The method tries to find a prime number of buckets that provide less than 5% collision rate for unique hash codes.

The first thing it does, it creates a hash set of integers and iterates over all hash codes to filter out the duplicates. It's important because no increase in buckets will avoid collisions from duplicate input hash codes.

Once we have the number of unique hash codes, it iterates over a precomputed array of prime numbers and find first prime number than is bigger than the unique hash code count.

runtime/src/libraries/System.Collections.Immutable/src/System/Collections/Frozen/FrozenHashTable.cs

Line 186 in 04133eb

    
           while ((uint)minPrimeIndexInclusive < (uint)primes.Length && uniqueCodesCount > primes[minPrimeIndexInclusive])
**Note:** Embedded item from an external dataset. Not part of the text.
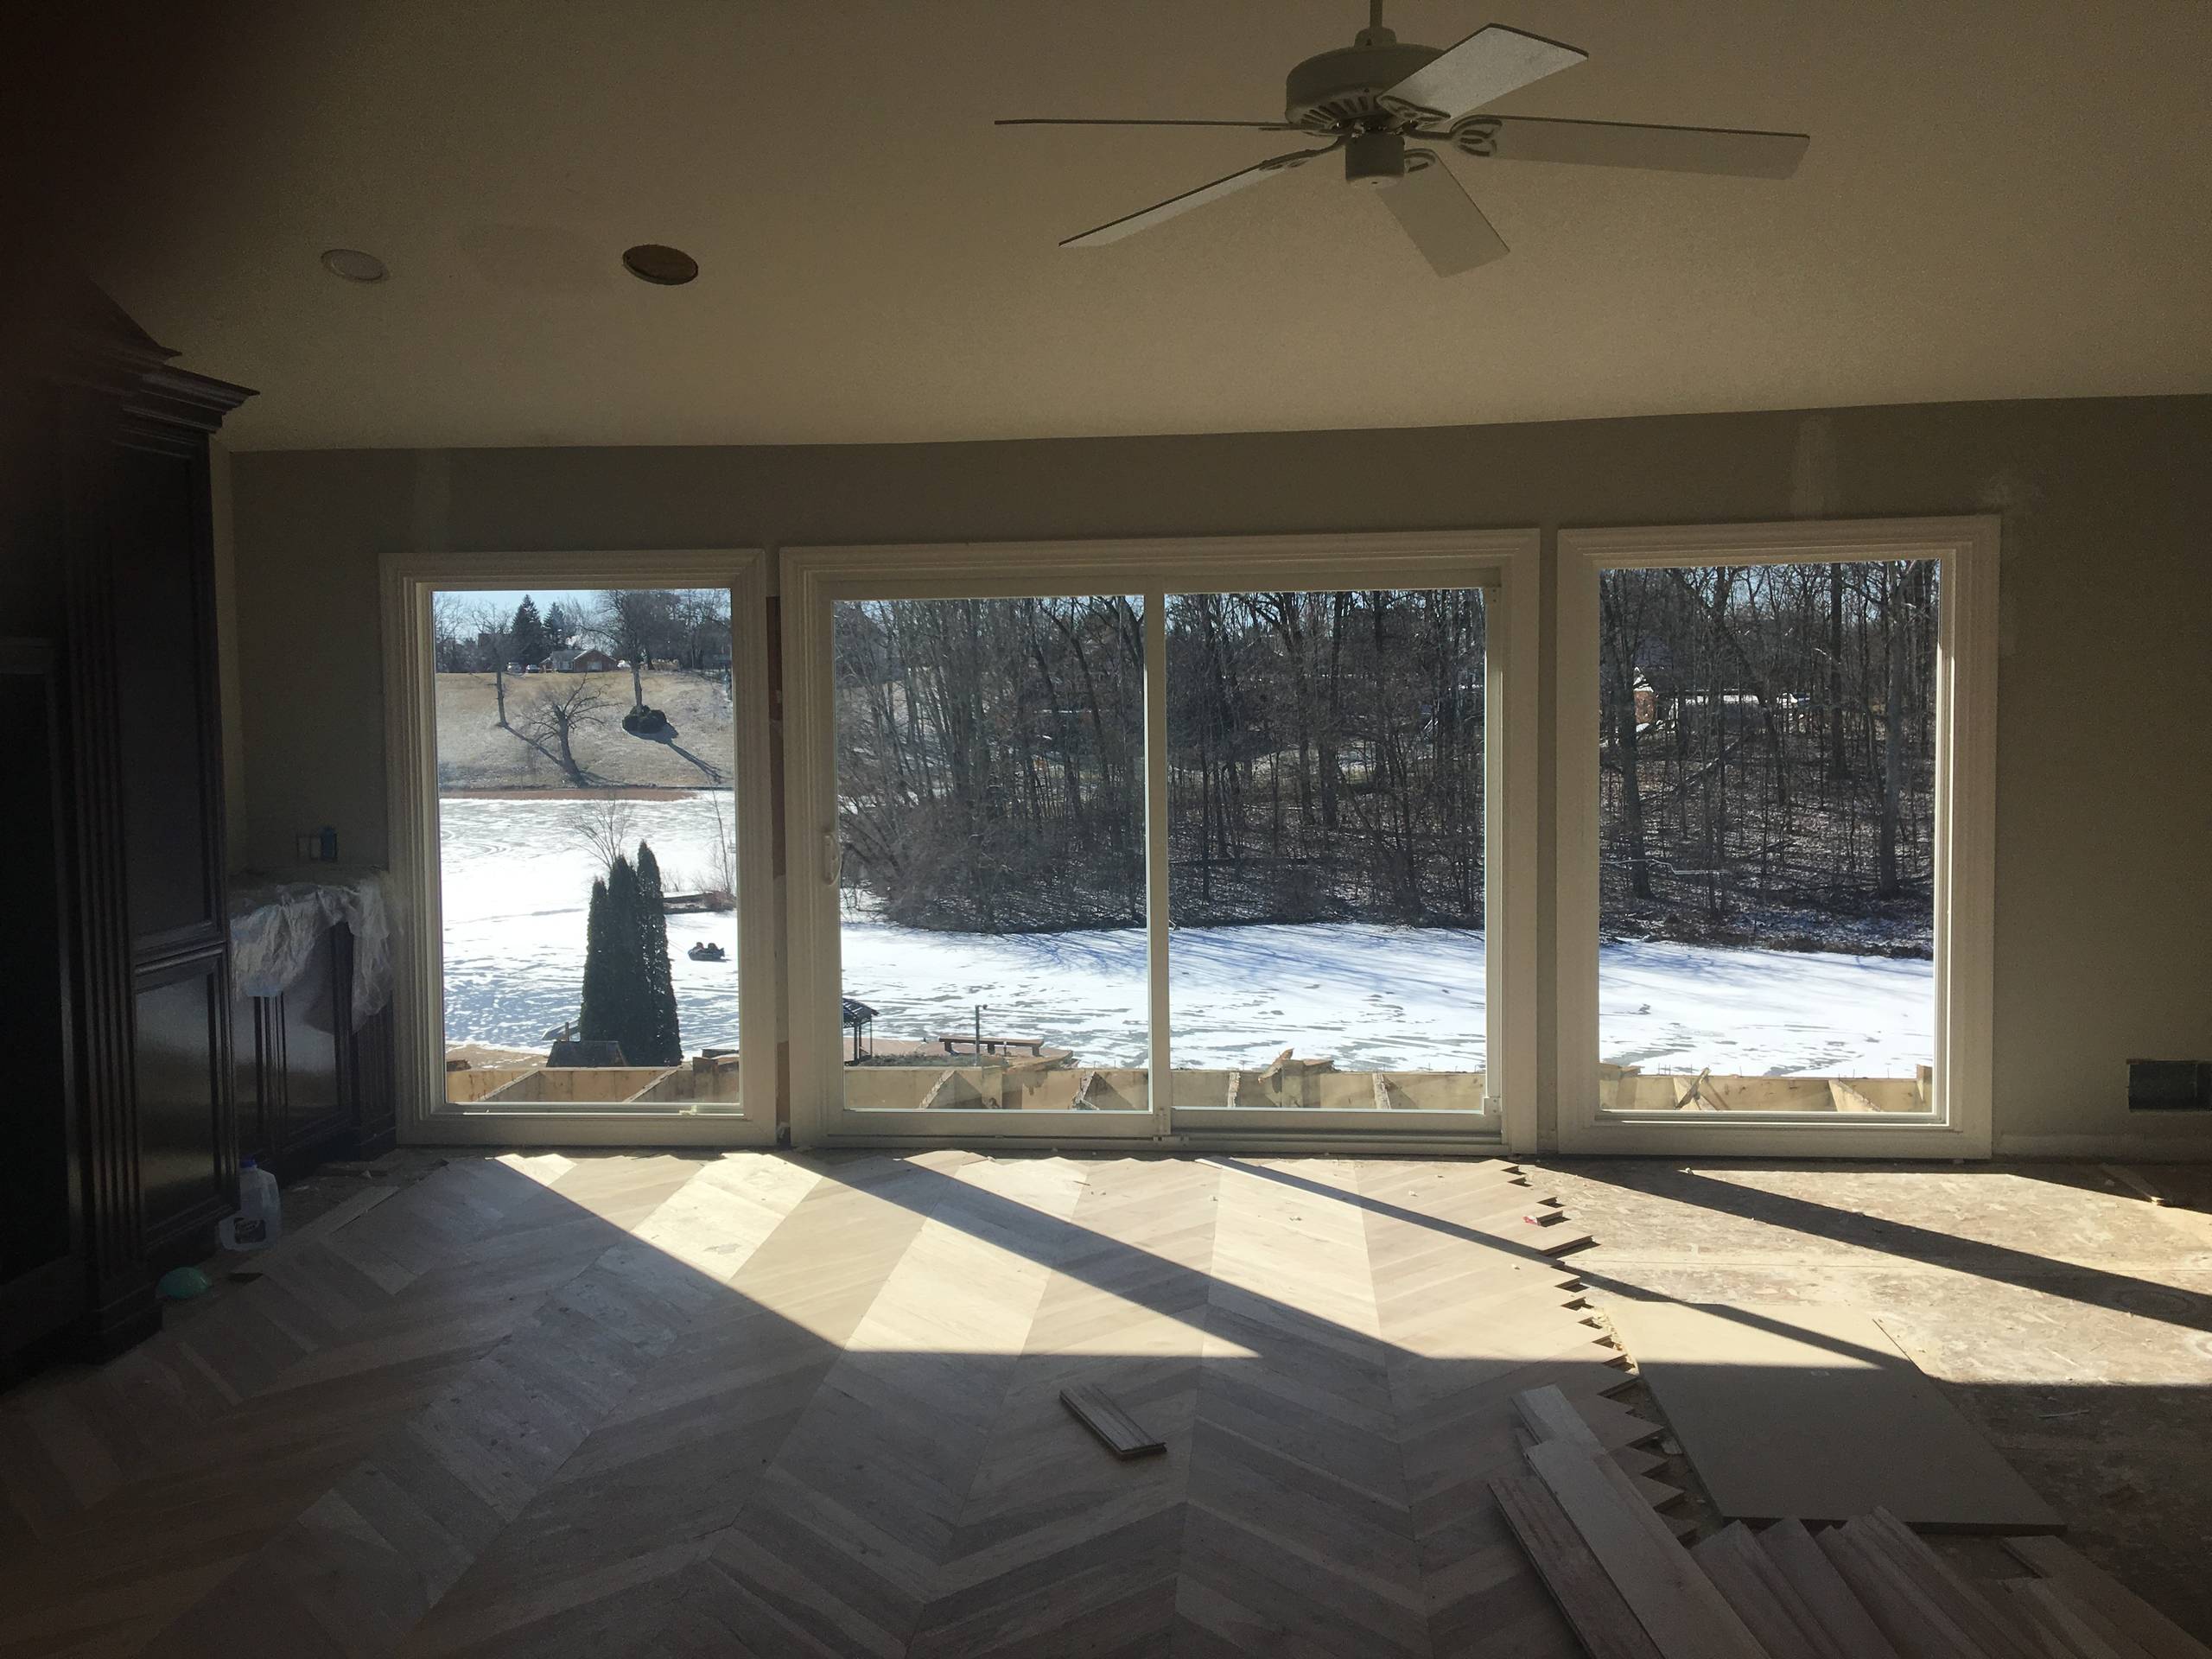 Oxbow lake hardwood flooring and windows

Then it chooses a multiplier for the max bucket count, which is 16 for small bucket count (1_000) and 3 for larger inputs.

runtime/src/libraries/System.Collections.Immutable/src/System/Collections/Frozen/FrozenHashTable.cs

Lines 196 to 200 in 04133eb

    
           // Determine the largest number of buckets we're willing to use, based on a multiple of the number of inputs. 
        
           // For smaller inputs, we allow for a larger multiplier. 
        
           int maxNumBuckets = 
        
               uniqueCodesCount * 
        
               (uniqueCodesCount >= LargeInputSizeThreshold ? MaxLargeBucketTableMultiplier : MaxSmallBucketTableMultiplier);

Then it sets the best number of collisions found so far to unique hash codes count, which means "so far the best result we found has given us 100% collision rate".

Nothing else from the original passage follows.